Starring: Trevante Rhodes, Ashton Sanders, Alex R Hibbert, Naomie Harris, Mahershala Ali, Janelle Monae, Andre Holland
Directed By: Barry Jenkins

Plot: A story of a man told in three parts, starting out as a child, Little, (Hibbert), moving into his teenage years, Chiron, (Sanders), and finally as an adult, Black, (Rhodes). As Little, he has to survive his crackhead mother (Harris), with the help of a generous drug dealer (Ali) and his girlfriend (Monae). As a teenager, he starts developing feelings he isn’t sure how to deal with. As an adult, he’s morphed into a much stronger man, but he still has to deal with the demons of his past.

What Works: So I finally got to see Moonlight. Months of hype. Awards. Nominations. People calling it a frontrunner. Critics bathing their tongues all over Mahershala Ali. I’m not sure the hype actually helped. I’m not sure I saw the same Moonlight everyone else saw. Don’t get me wrong, this is a really good film. I can tell you it is not my pick for Best Picture of the year though. So, the hype failed me there. What actually surprised me is how somehow Mahershala Ali is getting all the hype for this film when the ensemble around him is so strong, and in some respects stronger. He’s not that big of a name, so how did he break out over Trevante Rhodes or Ashton Sanders? Ali is really good, but he’s only in the first part of the film, which is the shortest of the three acts. He has a few impactful scenes, but really the three actors who portray our protagonist do great work too. Naomie Harris is also a standout, as her character appears throughout the film. She does a great job as his mother, struggling with addiction, but having no real plan to get out from underneath it. Usually we see crack addled parents wanting to be better, but Harris is the rare character that doesn’t seem to want to better herself. Which makes the payoff in the third act so much better. When we get to the adult phase, we have Trevante Rhodes, who is phenomenal as Black, a man struggling with his past while trying to make a future for himself. He lives in a world that isn’t too accepting of homosexuals, yet there’s this part of him that yearns for a connection. It’s a brave performance, one that Rhodes should be getting more praise for (honestly, more than Ali). Holland, who is almost always excellent, is great here too as Kevin, the grown up version of a boy that Black used to have a crush on. It’s a tragic romance, for sure, but it just feels so real. Probably the strongest thing Moonlight has going for it is how incredibly real everything feels. It doesn’t ever really feel like acting, but rather like a documentary, and we’ve been let into these peoples lives. Barry Jenkins clearly has something he wants to say as a director, much like Spike Lee did when he burst onto the scene. He has so many ideas about how black lives exist in America today, and how to feature black actors and actresses in roles.

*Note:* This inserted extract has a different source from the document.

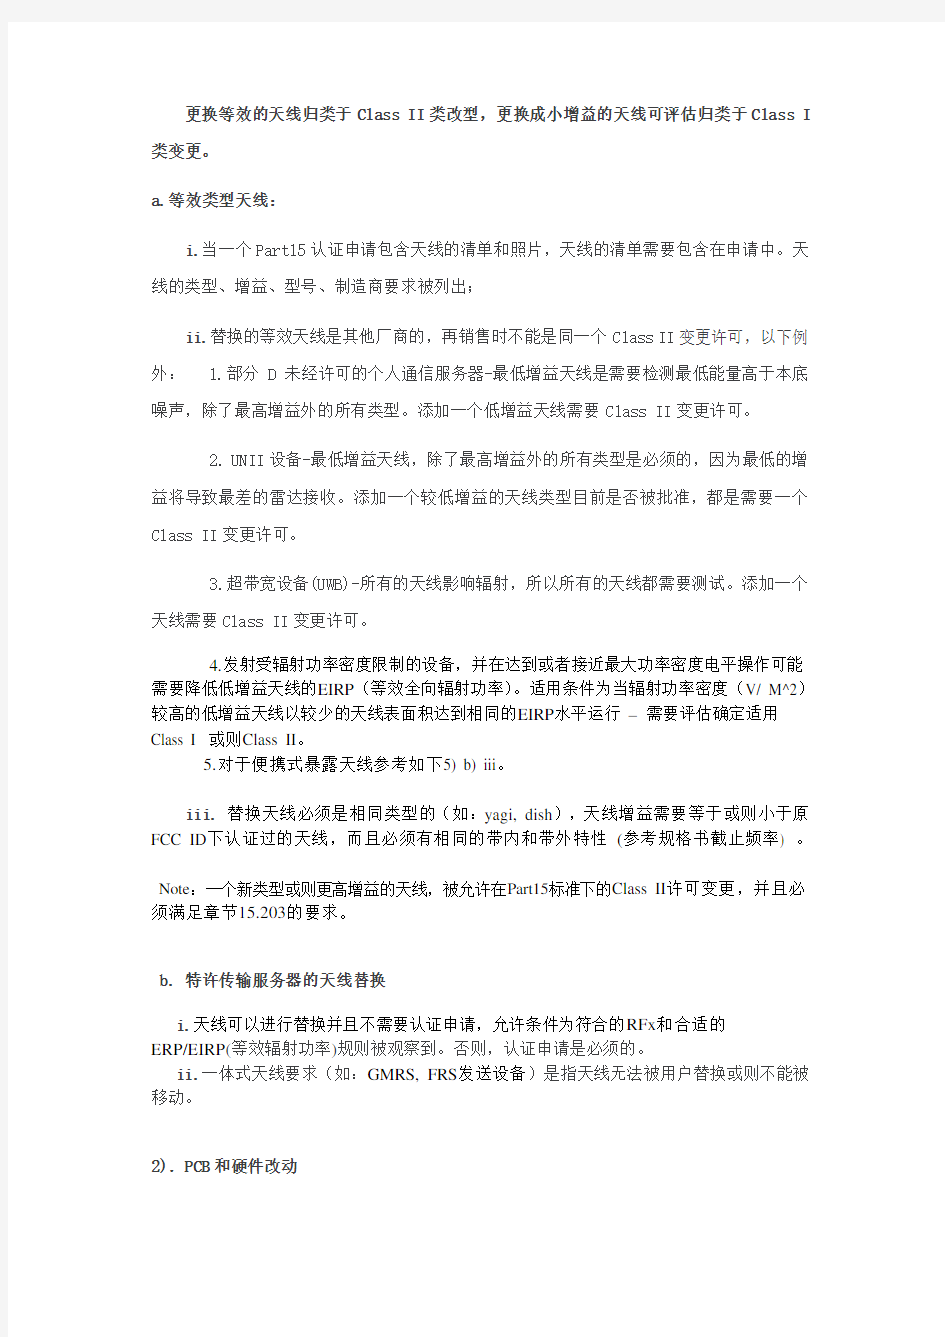 KDB178919 Permissive change(变更许可)中文总结

What Doesn’t Work: It’s a film I know I’ll probably only see once. There’s something about the darkness in the film, the general unhappiness, that makes this a difficult watch. I enjoy films that are rewarding experiences, and I’m not sure Moonlight is that. It takes a lot to make it through Moonlight, not because of pacing or anything like that, but because of how depressing the film is. You feel so much for these characters, and the shitty situations they’re in. You want them to rise up, to beat the struggle, but it just never seems like tomorrow is going to come. This film is absolutely worth watching once. I demand that you sit through Moonlight, because we need to be making more films like this. Not every film can be perfect, some have to challenge you. Some films can be great, and also not have a “rewatch” value. This just happens to be one of those films, and it is because it is such a soul crushing experience the first time around. People have talked about how Silence was a difficult watch, but honestly, Moonlight is probably harder for me. I just wanted someone to be happy.

Final Word: While it isn’t the very top of the year, it certainly comes close, or at the very least strives for it. It challenges you, and what you think a film can be, and what an experience at the theatres can be. It’s the rare movie that makes you feel for pretty much every character on screen, and not because these characters are being tortured or put through some horrific war time scenario, but because their lives are much harder than yours. Because they have hopes and dreams and desires, and it looks like they’ll never get there. It breaks you as you realize that these characters may live their whole lives not knowing actual happiness, but just taking each moment as “getting by”. I understand the hype around Moonlight, and I’m impressed so many people have picked this as their favorite of 2016. It gives me hope for the future of cinema.